Выбрать главу

Оспина эта придавала его облику некоторую изысканность, по поводу чего супруга Дёрра в присущей ей непринужденной манере неоднократно высказывала вполне резонную мысль: «Морщин на нем хватает, это верно, зато с левого боку он у меня пятнистый, как яблочко».

Подмечено было до того точно, что по этому описанию всякий мог бы признать Дёрра, не ходи он с утра до вечера в полотняном картузе с огромным козырьком. Надвинутый глубоко на лоб, этот головной убор надежно скрывал как заурядные, так и неповторимые черты его физиономии.
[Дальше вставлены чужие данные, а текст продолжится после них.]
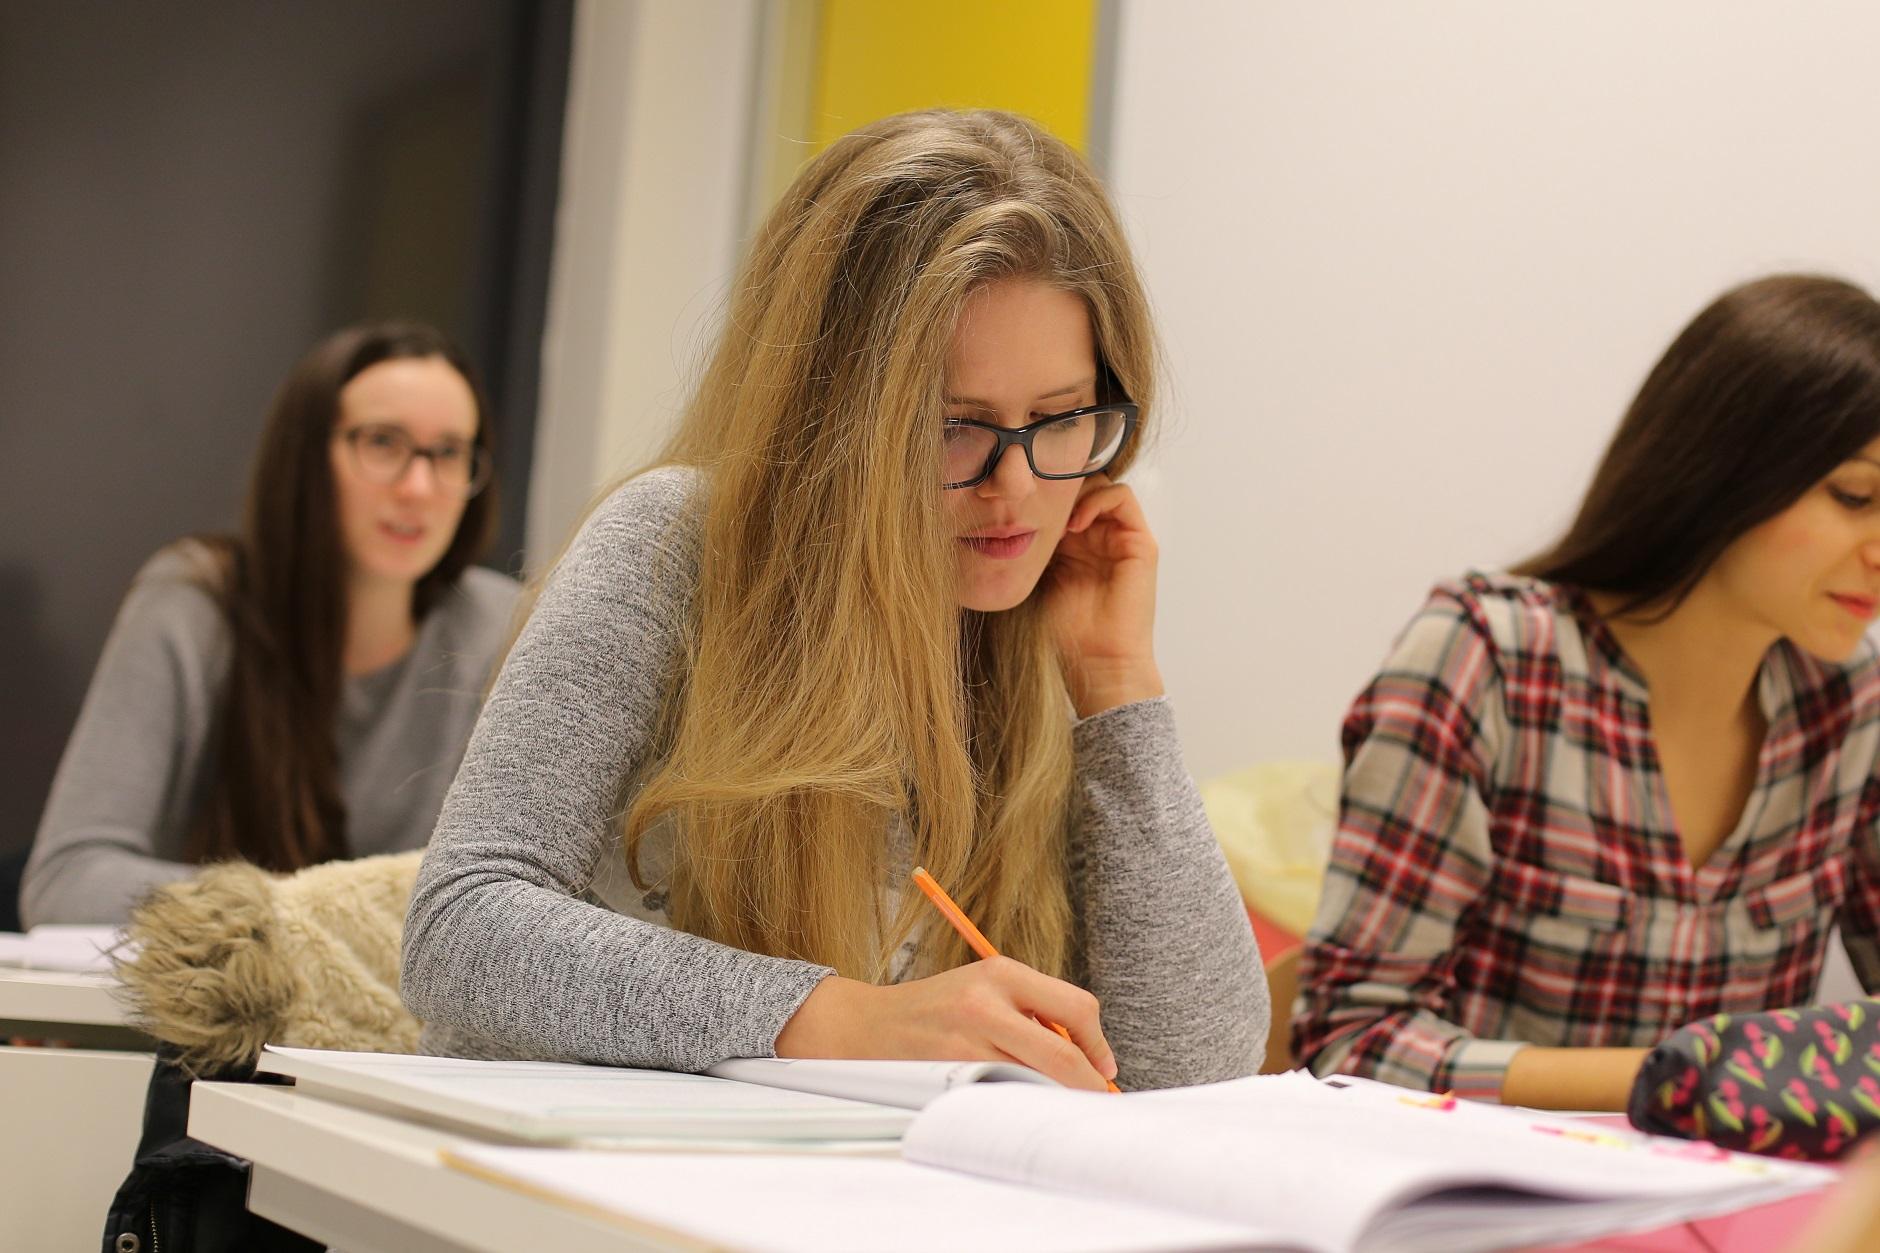 Škola Jantar vas uvodi u novu eru testiranja znanja jezika

Вот и сегодня, день спустя после беседы между фрау Дёрр и фрау Нпмпч, Дёрр стоял, надвинув картуз глубоко на глаза, перед цветочными подмостями, пристроенными к ближней теплице, и передвигал горшки с геранью и левкоями, которые были предназначены для завтрашнего рынка. Цветы эти не выращивались в горшках, их просто высаживали туда для продажи, и Дёрр с превеликим удовольствием созерцал цветочный парад, заранее торжествуя при мысли о тех «мадамочках», которые завтра явятся на рынок, непременно начнут выторговывать у него свои пять пфеннигов и все же останутся внакладе. Для Дёрра это было любимым развлечением и, по сути дела, составляло основу его духовной жизни. «Хорошая перебранка… Да коли ты и сам можешь вставить словечко…»

Так он стоял и бурчал себе под нос, когда внезапно с огорода донеслось собачье тявканье и отчаянные вопли петуха, более того - если только ему не изменил слух,- это вопил его собственный петух, его серебристоперый любимец. Устремив взоры на огород, Дёрр убедился, что стая кур разлетелась в разные стороны, что петух взлетел на сливу и оттуда действительно зовет истошным голосом на помощь, а под деревом тявкает собачонка.

- А, черт подери,- выругался Дёрр.- Это ж опять Болльманов пес… Опять через забор… ну, я ж ему…

И, оставив горшок с геранью, который он перед тем разглядывал, Дёрр помчался к собачьей будке, отстегнул замок, спустил с цепи свою собаку, и та, словно бешеная, ринулась в сад. Однако не успела она подбежать к сливе, Как «Болльманов пес» обратился в постыдное бегство - под забор и в поле. Сперва желтая собака Дёрра большими скачками следовала за ним, но дыра под забором, вполне достаточная для пинчера, оказалась для нее слишком мала и вынудила ее отказаться от дальнейшей погони. Дёрр, подоспевший с граблями в руках, тоже остался ни с чем и только переглянулся со своей собакой.

- Ну, Султан, на этот раз не вышло.

Затем сконфуженный Султан побрел в свою будку так, словно ему сделали выговор, а Дёрр долго глядел в поле, где мчался по борозде пинчер, после чего сказал:

- Я не я буду, ежели не заведу себе духовое ружье, у Мелеса куплю или еще где. А уж там втихомолку прикончу эту тварь, чтоб ни один петух о том не прокричал, даже мой собственный.

Но вышеупомянутый петух в данную минуту и не подозревал о том, что Дёрр ждет от него молчания, он горланил еще пуще, однако при этом так гордо выпячивал свою серебристую грудь, словно хотел внушить курам, что его пребывание на дереве есть не более как хитрый стратегический маневр или, скажем, мимолетный каприз.

- Вот это петух так петух. Воображает из себя невесть что. А уж напыжился, напыжился-то как,- сказал еще Дёрр, после чего вернулся к цветочным горшкам.

Глава третья

Эту сцену могла наблюдать фрау Дёрр, которая как раз срезала с грядки спаржу, и если она отнеслась к происходящему без должного взимания, то потому лишь, что подобные сцены повторялись каждый третий день. Она ни на минуту не прервала своей работы и успокоилась лишь тогда, когда даже при самом тщательном осмотре грядок нельзя было сыскать ни одной «белой верхушки». Тут она повесила корзину на руку, вложила туда нож и, гоня перед собой несколько отбившихся от наседки цыплят, медленно побрела сперва через огород по тропке между грядками, потом во двор, к подмостям, где Дёрр снова готовил цветы для завтрашнего базара.